I really didn’t know her….well, I did in the biblical sense a few times (one or two, but a few times according to locker room lore).
It was Thursday night…morning, and I’d been thru a tough week…tests…football practice…chores at home….class pressures….some fights.
I needed a release.

I picked her up after goofing around most of the night.
As usual, she yammered away at some social bullshit.
I pretended to listen while twisting knobs finding a good AM station.

Finally, I said ‘Jody, I’m sorry, but…’

‘It’s Janice.’

‘Janet, I’m sorry, but I got a game tomorrow, and think maybe we should get comfy in the back seat…and then..’

‘Uh, it’s not a good time.’

‘Good time? Hey, let me show you a good time.’

‘Yeah, uh, it’s not the right time…’

‘Are you kidding? It’s damn near 2AM? I got a game in 16 hours!’

‘I don’t mean that.’

‘Fine, let me just assist you with that little strap thing, and…’
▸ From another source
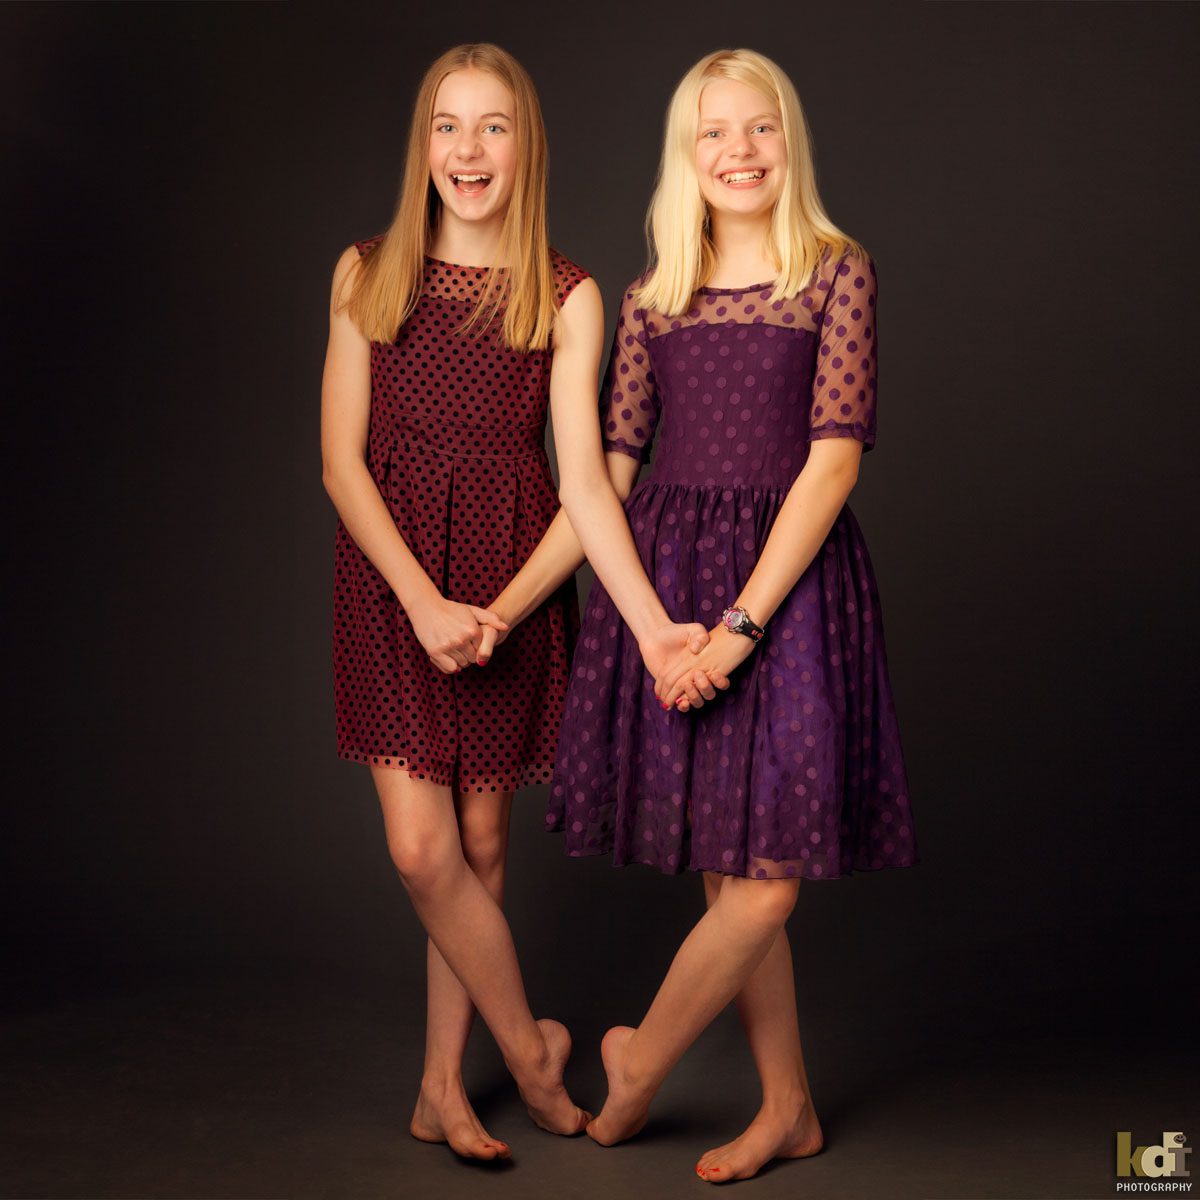 Color studio portrait of sisters holding hands in dresses, by Flagstaff photographer.

*‘I’M ON THE EFFING RAG, OK?!!!!’*


'Oh'

16 year olds really do have class, but only in the classroom


----------



## RadishRose (Oct 30, 2018)

Great stories. The funniest was you and the bamboo pole in the swimming pool, LOL!


----------



## IKE (Oct 30, 2018)

I located an old pic of Gary from his high school yearbook taken by his swimming instructor.


----------



## RadishRose (Oct 30, 2018)

Ike!


----------



## Olivia (Oct 30, 2018)

Sometimes growing up if a girl says or does something that feels mean to a guy, it could be that she's just as shy, too, and therefore sometimes says some awkward things.  Just making it seems like you're being rejected. I remember doing that sometimes and still feel bad about it. But I was never nasty.


----------



## jujube (Oct 30, 2018)

I was painfully shy around boys.  I was interested, just too shy to talk to them.  It wasn't until my second year in high school that I started being comfortable with the opposite sex.


----------



## Sassycakes (Oct 31, 2018)

I was never shy around boys when I was young and even now I am not shy around them. I was never flirting with them, but I was always comfortable around them.


----------